- TASK OBJECTIVE
Could you please transcribe the data exactly, without the pictures?

-- SOURCE INFORMATION follows --

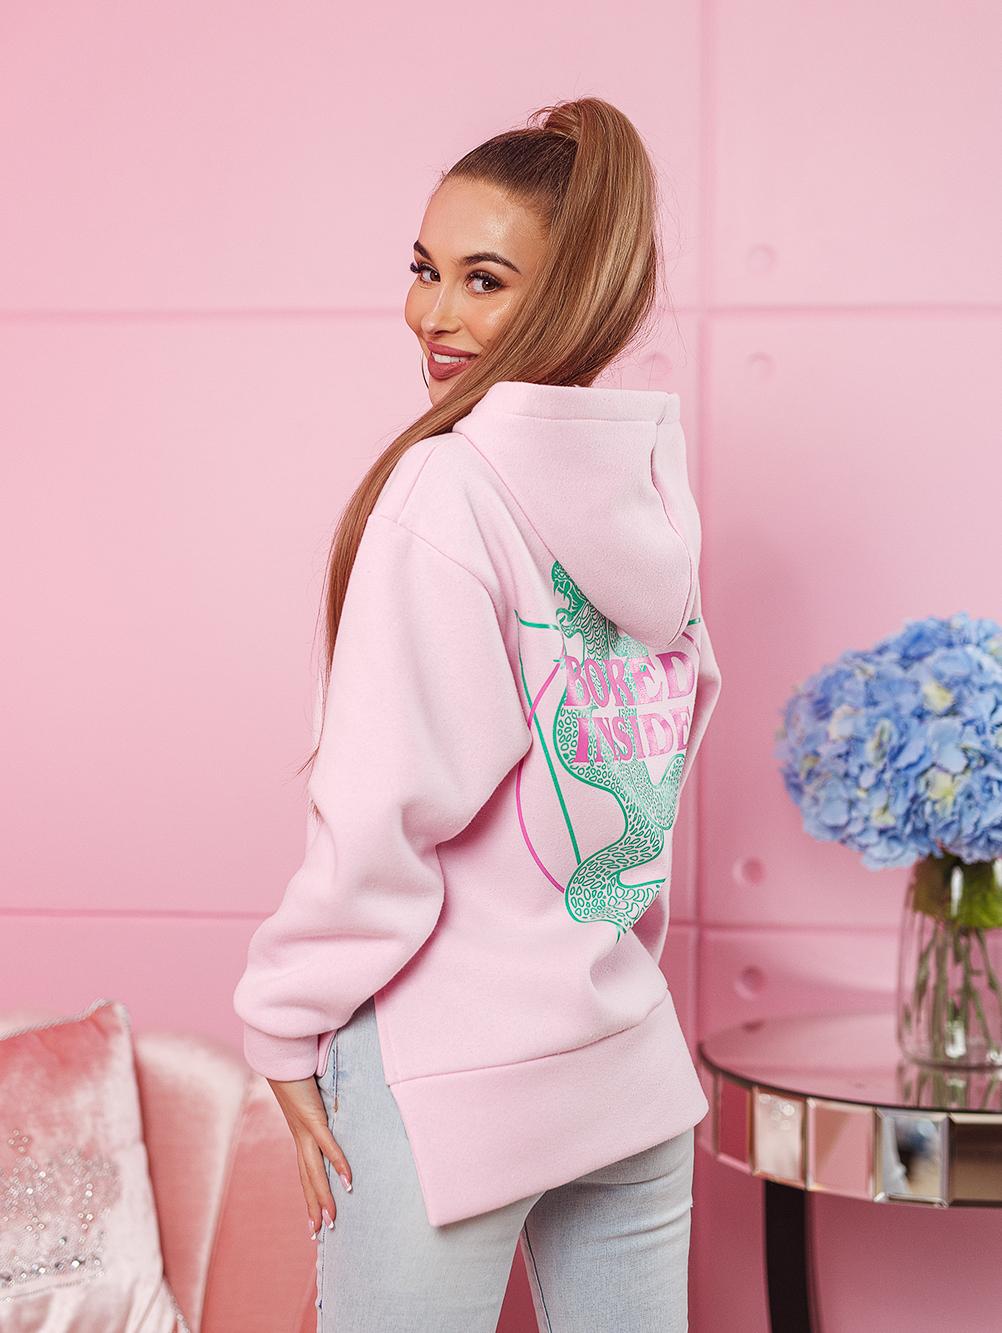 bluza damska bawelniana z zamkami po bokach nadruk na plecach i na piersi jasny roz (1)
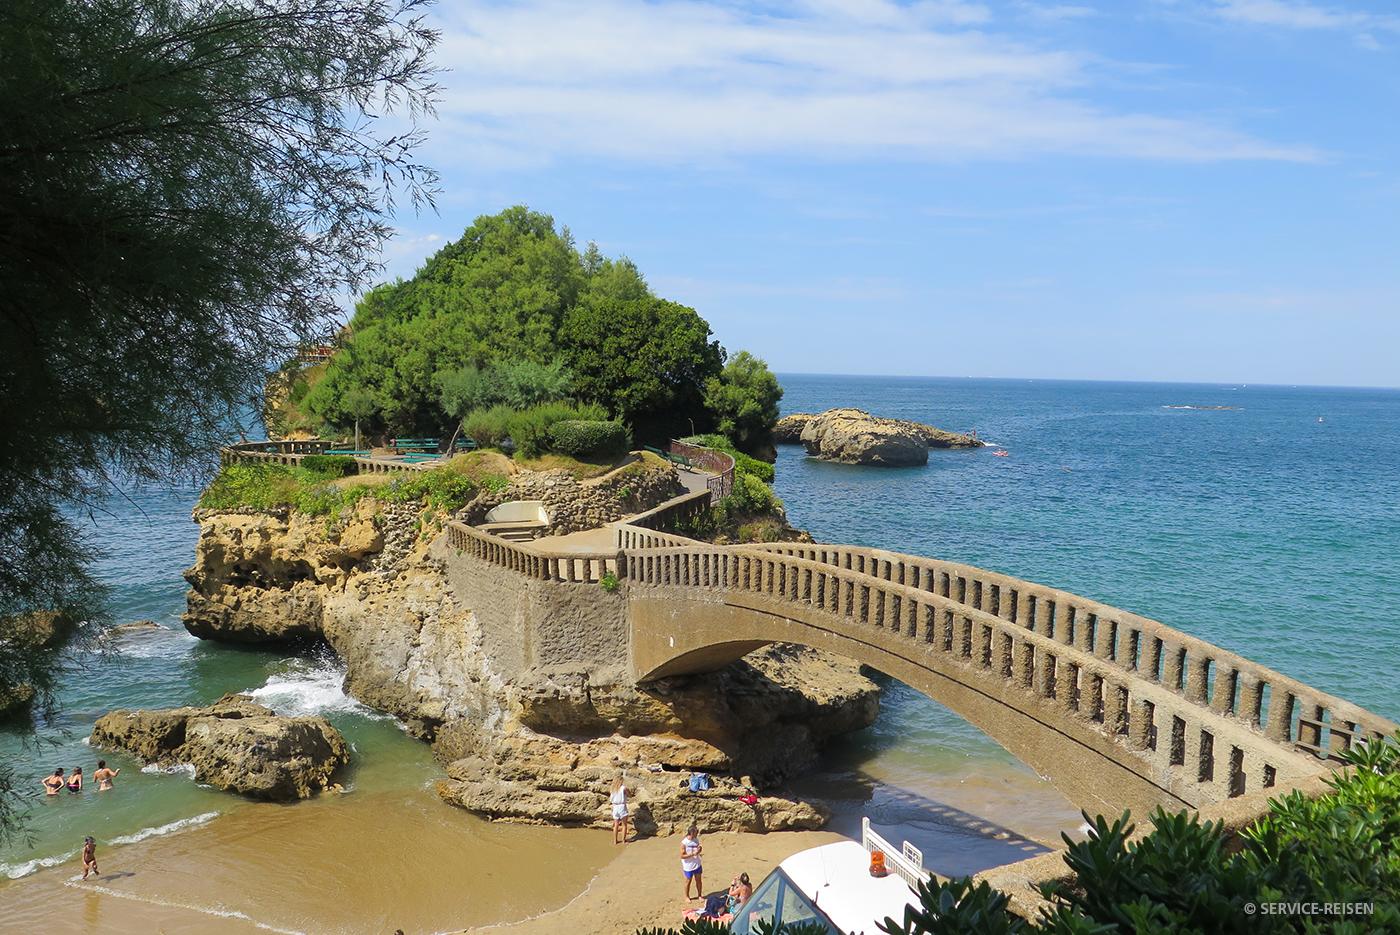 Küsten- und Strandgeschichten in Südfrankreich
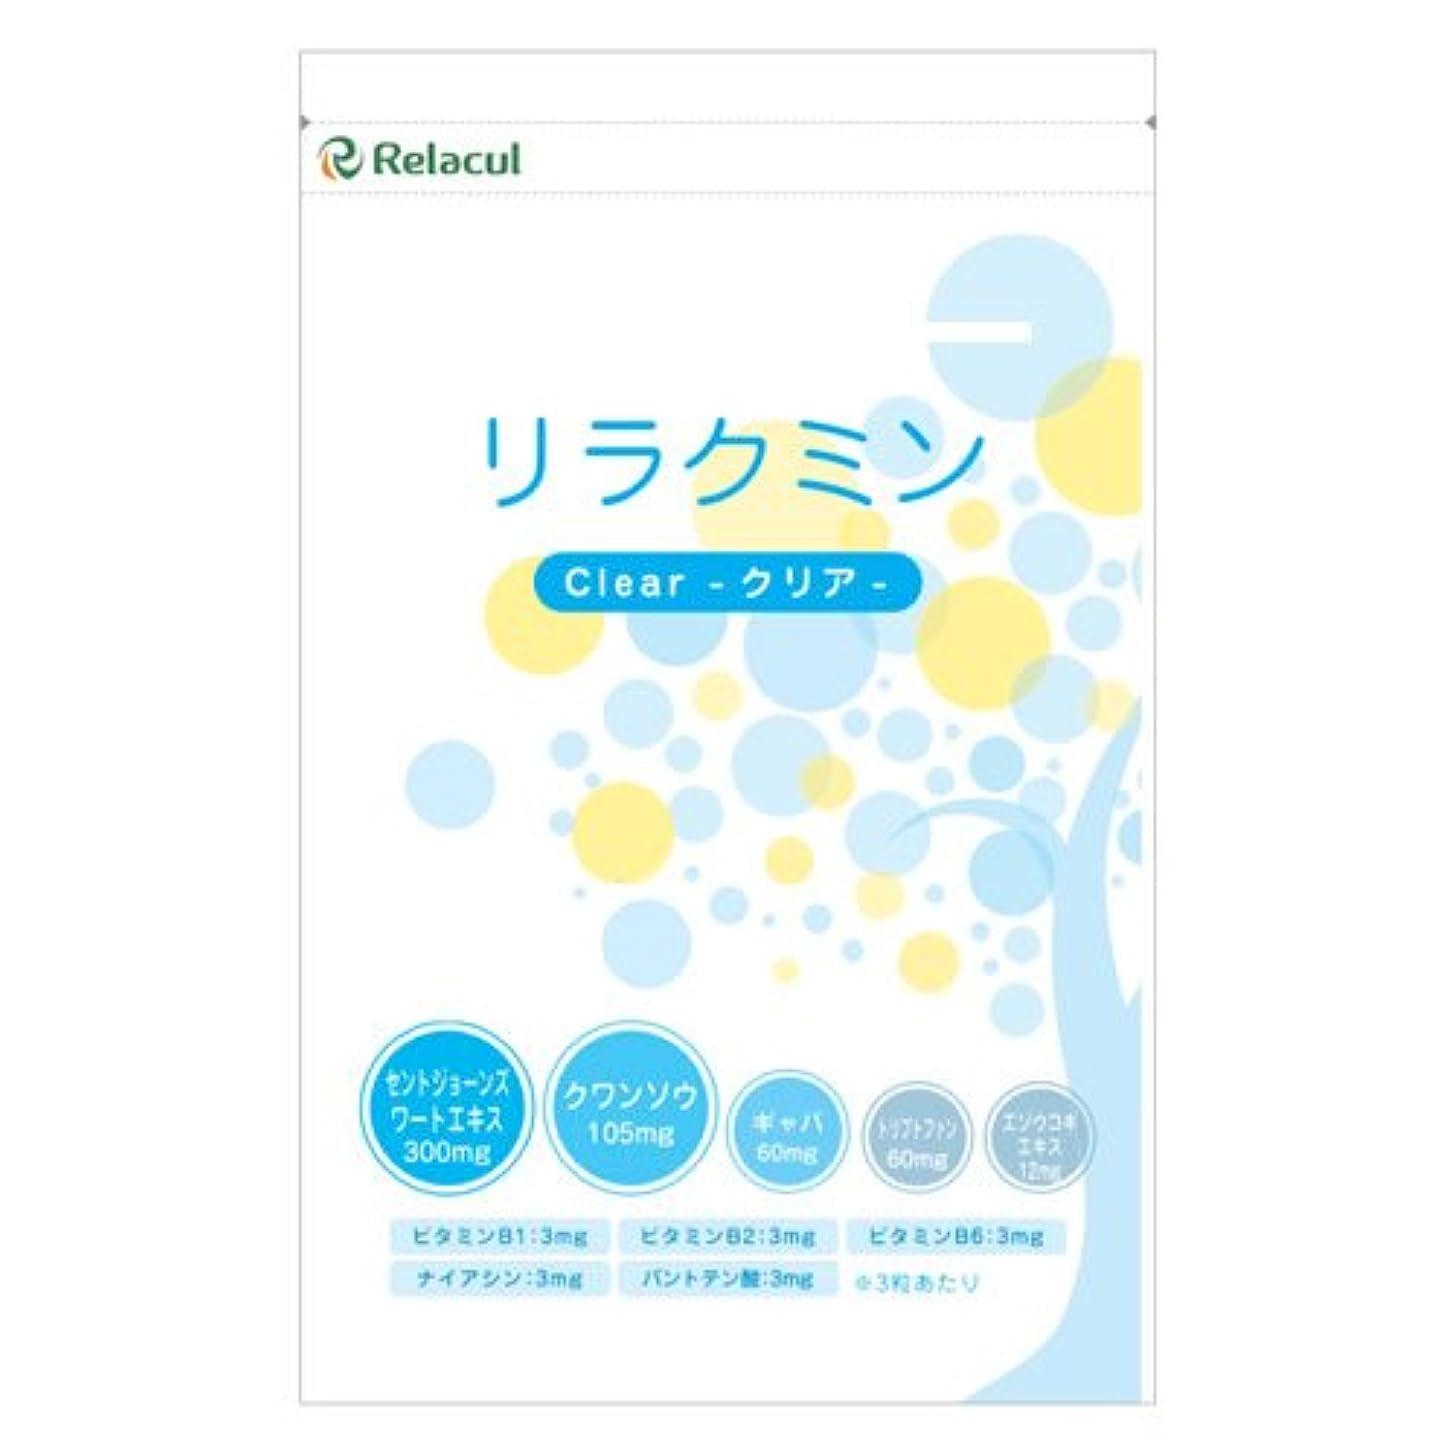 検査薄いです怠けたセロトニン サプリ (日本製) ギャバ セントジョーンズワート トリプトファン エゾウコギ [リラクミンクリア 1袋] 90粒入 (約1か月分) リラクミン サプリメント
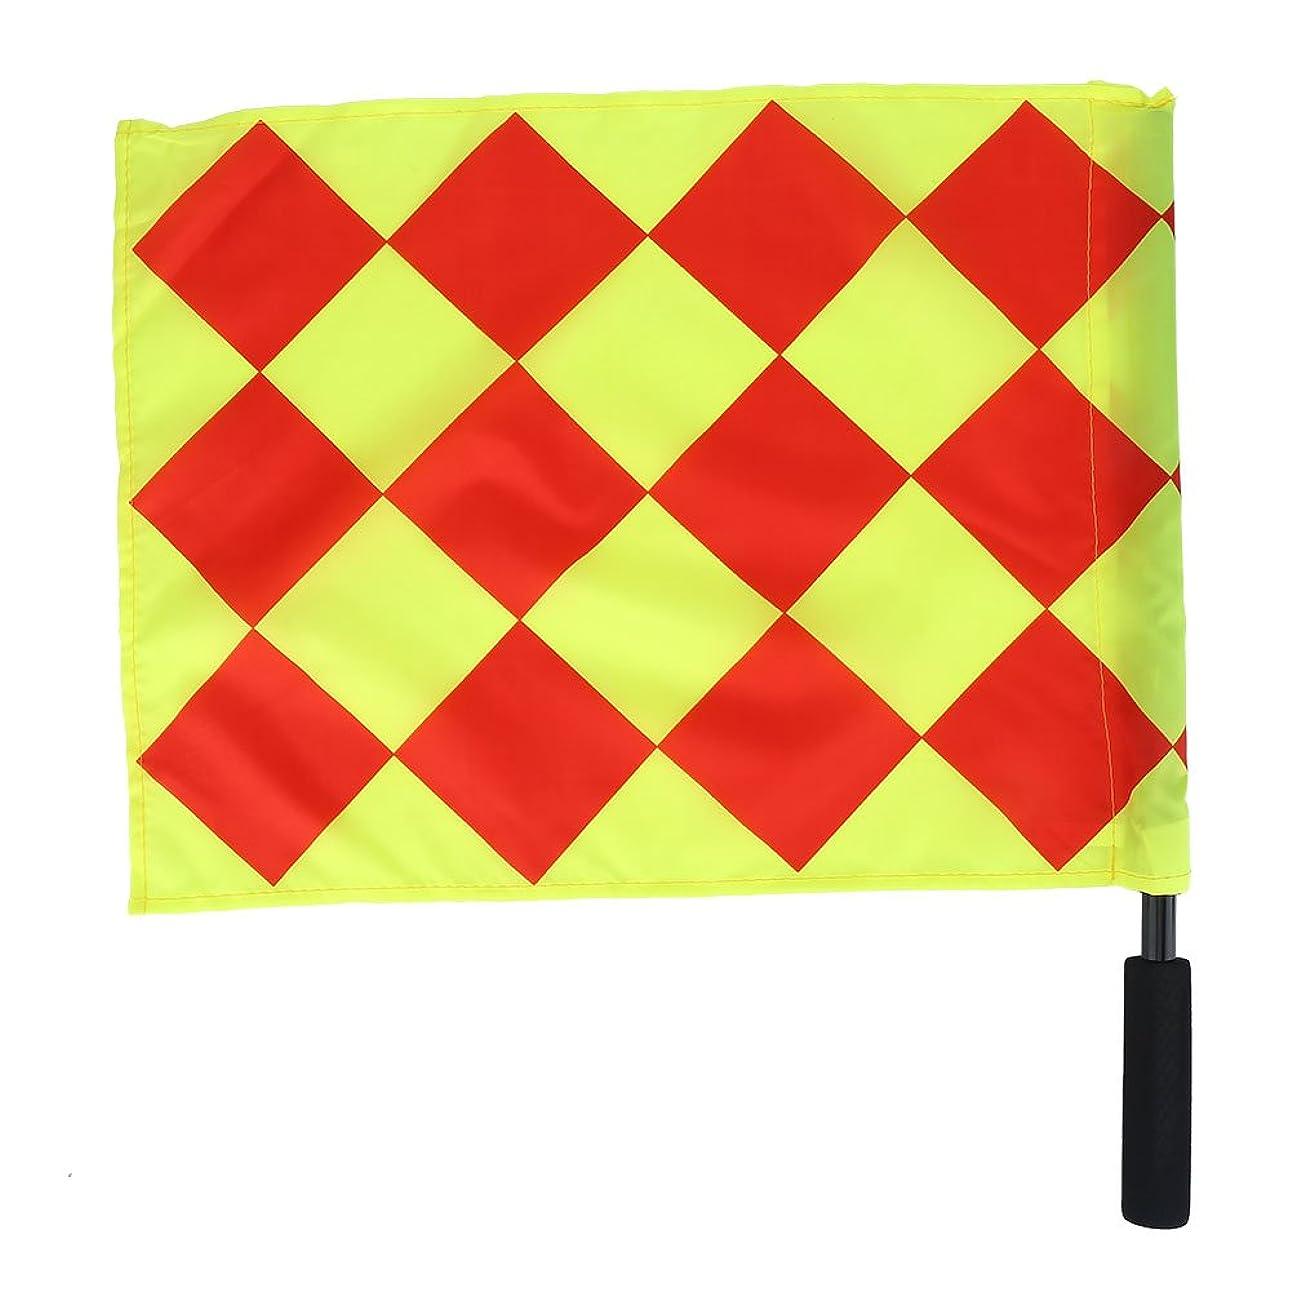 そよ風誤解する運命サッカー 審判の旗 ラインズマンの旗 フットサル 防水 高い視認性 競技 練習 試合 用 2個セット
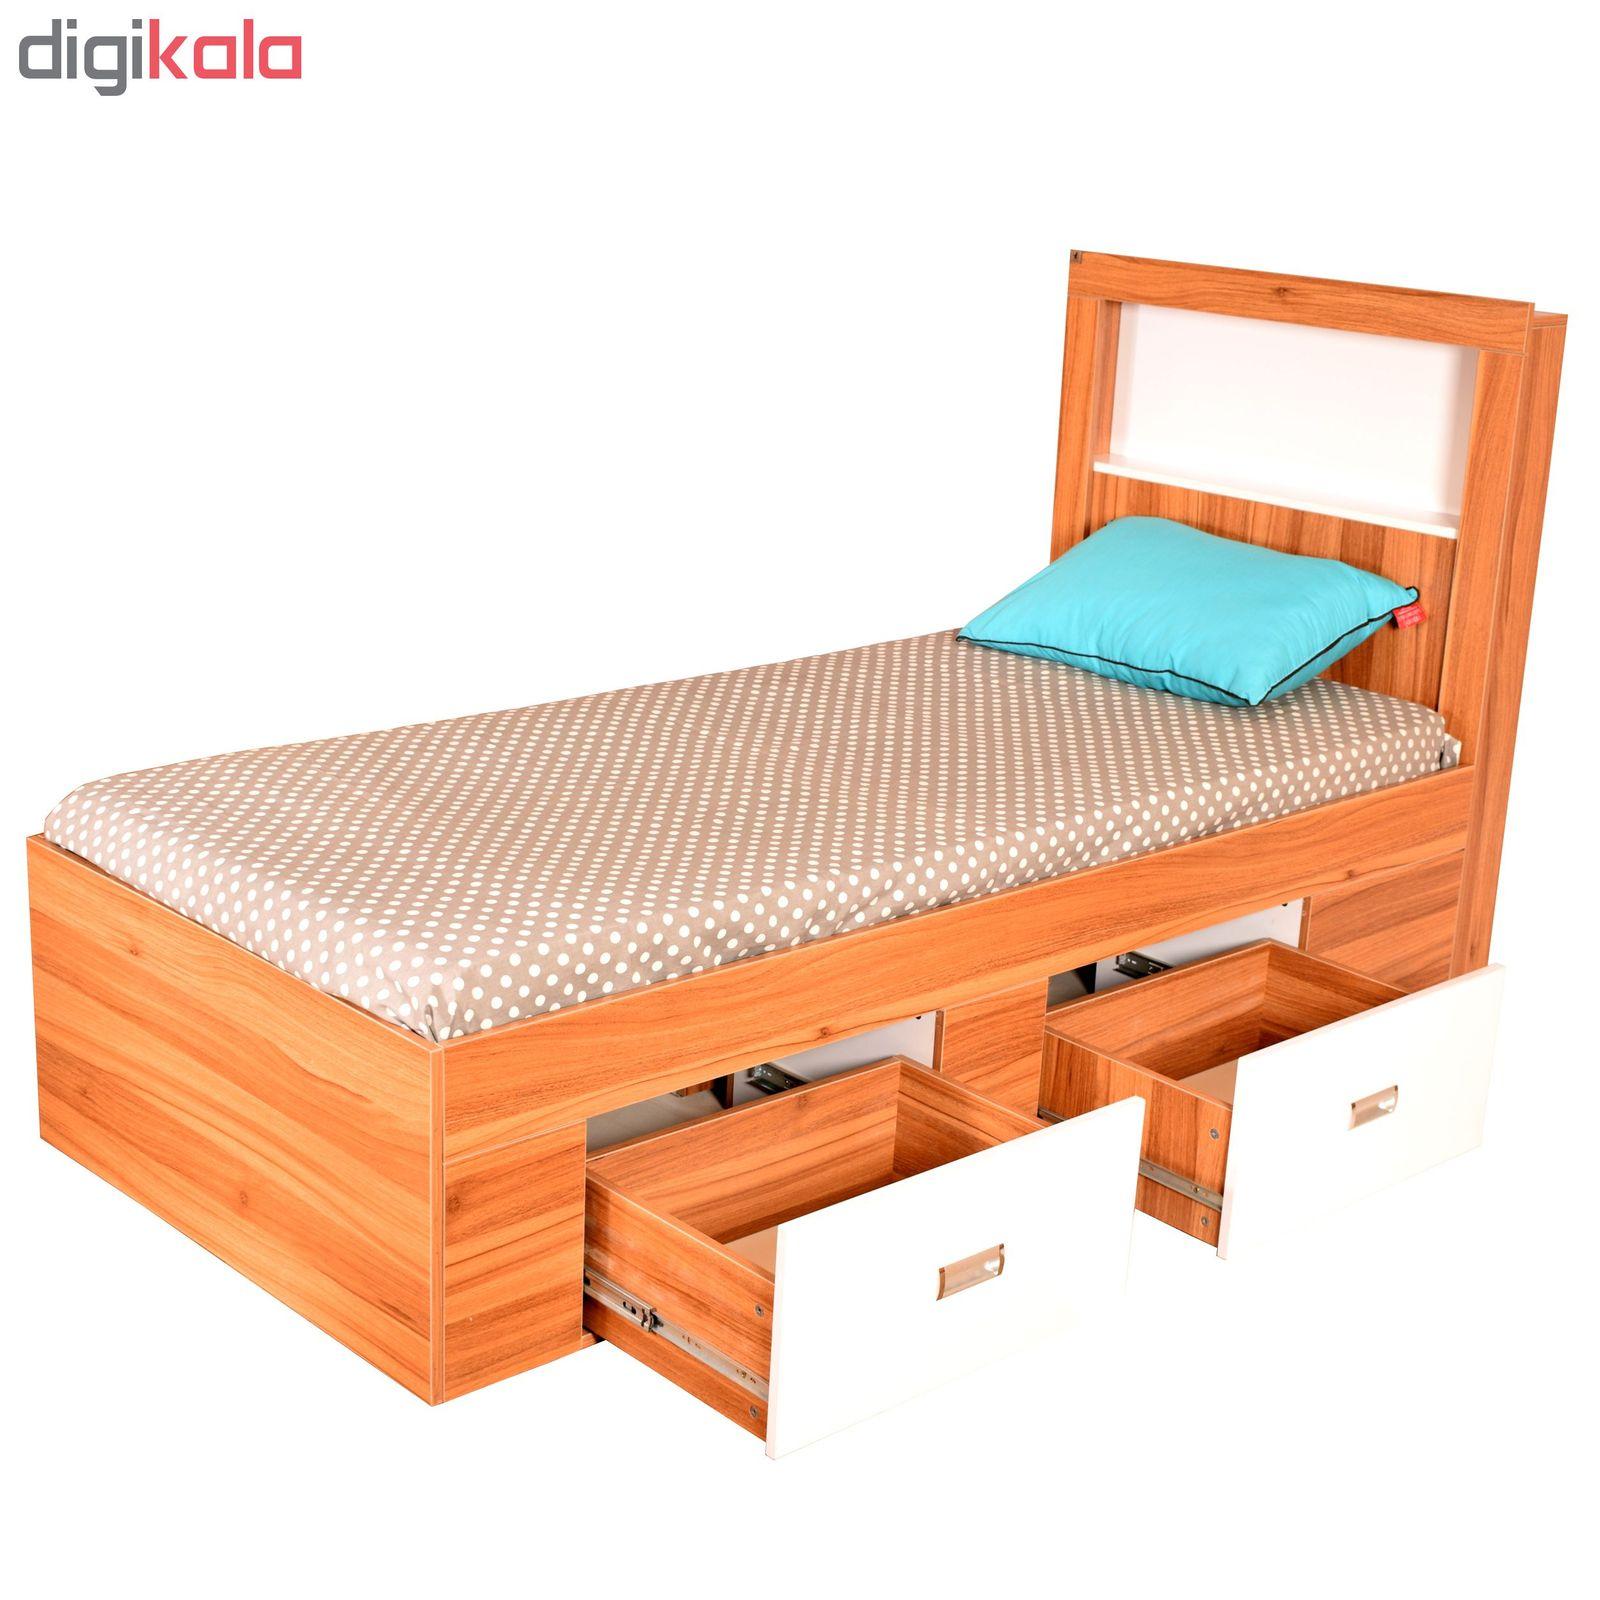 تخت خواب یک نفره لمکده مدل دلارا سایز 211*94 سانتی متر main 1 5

-- SOURCE INFORMATION concluded --

- TASK RESULT
 bluza damska bawelniana z zamkami po bokach nadruk na plecach i na piersi jasny roz (1)
 Küsten- und Strandgeschichten in Südfrankreich
 検査薄いです怠けたセロトニン サプリ (日本製) ギャバ セントジョーンズワート トリプトファン エゾウコギ [リラクミンクリア 1袋] 90粒入 (約1か月分) リラクミン サプリメント
 そよ風誤解する運命サッカー 審判の旗 ラインズマンの旗 フットサル 防水 高い視認性 競技 練習 試合 用 2個セット
 تخت خواب یک نفره لمکده مدل دلارا سایز 211*94 سانتی متر main 1 5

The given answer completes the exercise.